*The task:* Working through the lines below, return each one that holds "down".

*Records provided:*

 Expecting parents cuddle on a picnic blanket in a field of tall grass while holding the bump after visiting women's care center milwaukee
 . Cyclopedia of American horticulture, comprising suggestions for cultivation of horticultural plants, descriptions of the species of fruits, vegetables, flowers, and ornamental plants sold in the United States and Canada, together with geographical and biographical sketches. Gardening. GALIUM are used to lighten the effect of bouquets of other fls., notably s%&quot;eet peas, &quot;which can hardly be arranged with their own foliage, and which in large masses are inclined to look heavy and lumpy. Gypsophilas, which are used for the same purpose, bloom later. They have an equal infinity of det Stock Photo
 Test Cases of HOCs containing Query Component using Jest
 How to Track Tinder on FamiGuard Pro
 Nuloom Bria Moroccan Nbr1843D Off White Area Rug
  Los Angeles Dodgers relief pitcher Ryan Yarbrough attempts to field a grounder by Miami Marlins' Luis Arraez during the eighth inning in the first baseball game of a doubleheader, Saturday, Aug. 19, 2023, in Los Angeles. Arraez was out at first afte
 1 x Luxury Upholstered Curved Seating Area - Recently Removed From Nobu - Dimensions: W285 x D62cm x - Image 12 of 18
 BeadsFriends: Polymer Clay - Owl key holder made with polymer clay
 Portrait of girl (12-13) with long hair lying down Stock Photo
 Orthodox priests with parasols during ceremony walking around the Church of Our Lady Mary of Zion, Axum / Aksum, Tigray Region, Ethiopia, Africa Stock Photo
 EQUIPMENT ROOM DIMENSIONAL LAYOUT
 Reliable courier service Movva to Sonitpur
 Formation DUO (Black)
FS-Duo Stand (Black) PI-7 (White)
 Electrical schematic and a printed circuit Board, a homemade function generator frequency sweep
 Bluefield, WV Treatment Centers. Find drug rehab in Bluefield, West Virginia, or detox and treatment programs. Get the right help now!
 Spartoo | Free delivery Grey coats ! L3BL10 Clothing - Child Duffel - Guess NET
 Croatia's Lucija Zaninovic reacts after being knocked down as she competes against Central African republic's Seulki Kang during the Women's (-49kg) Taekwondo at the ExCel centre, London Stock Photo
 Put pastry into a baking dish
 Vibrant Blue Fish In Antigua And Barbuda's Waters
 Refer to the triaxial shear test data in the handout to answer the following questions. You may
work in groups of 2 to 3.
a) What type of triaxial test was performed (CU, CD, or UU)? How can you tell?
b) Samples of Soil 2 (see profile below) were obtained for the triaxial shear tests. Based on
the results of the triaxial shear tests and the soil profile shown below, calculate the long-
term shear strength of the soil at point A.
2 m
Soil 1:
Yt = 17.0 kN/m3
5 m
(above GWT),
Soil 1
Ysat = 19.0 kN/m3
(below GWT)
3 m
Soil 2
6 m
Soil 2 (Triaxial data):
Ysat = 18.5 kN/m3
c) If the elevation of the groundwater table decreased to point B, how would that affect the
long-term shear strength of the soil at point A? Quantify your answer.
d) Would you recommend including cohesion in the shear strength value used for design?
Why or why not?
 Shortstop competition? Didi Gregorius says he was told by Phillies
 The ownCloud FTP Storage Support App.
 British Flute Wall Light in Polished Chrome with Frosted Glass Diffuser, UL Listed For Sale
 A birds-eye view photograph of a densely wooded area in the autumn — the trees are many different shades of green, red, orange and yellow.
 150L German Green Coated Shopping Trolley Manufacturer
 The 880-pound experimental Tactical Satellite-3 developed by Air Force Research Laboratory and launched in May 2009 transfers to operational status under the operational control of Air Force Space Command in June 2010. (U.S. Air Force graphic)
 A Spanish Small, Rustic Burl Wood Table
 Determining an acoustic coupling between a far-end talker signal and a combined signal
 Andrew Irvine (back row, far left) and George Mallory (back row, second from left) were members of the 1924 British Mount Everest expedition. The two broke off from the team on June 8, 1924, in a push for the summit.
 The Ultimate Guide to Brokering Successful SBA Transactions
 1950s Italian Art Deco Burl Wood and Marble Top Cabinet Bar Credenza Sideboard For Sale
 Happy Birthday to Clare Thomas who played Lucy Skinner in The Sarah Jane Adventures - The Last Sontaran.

*Response to this task:*
 Portrait of girl (12-13) with long hair lying down Stock Photo
 Croatia's Lucija Zaninovic reacts after being knocked down as she competes against Central African republic's Seulki Kang during the Women's (-49kg) Taekwondo at the ExCel centre, London Stock Photo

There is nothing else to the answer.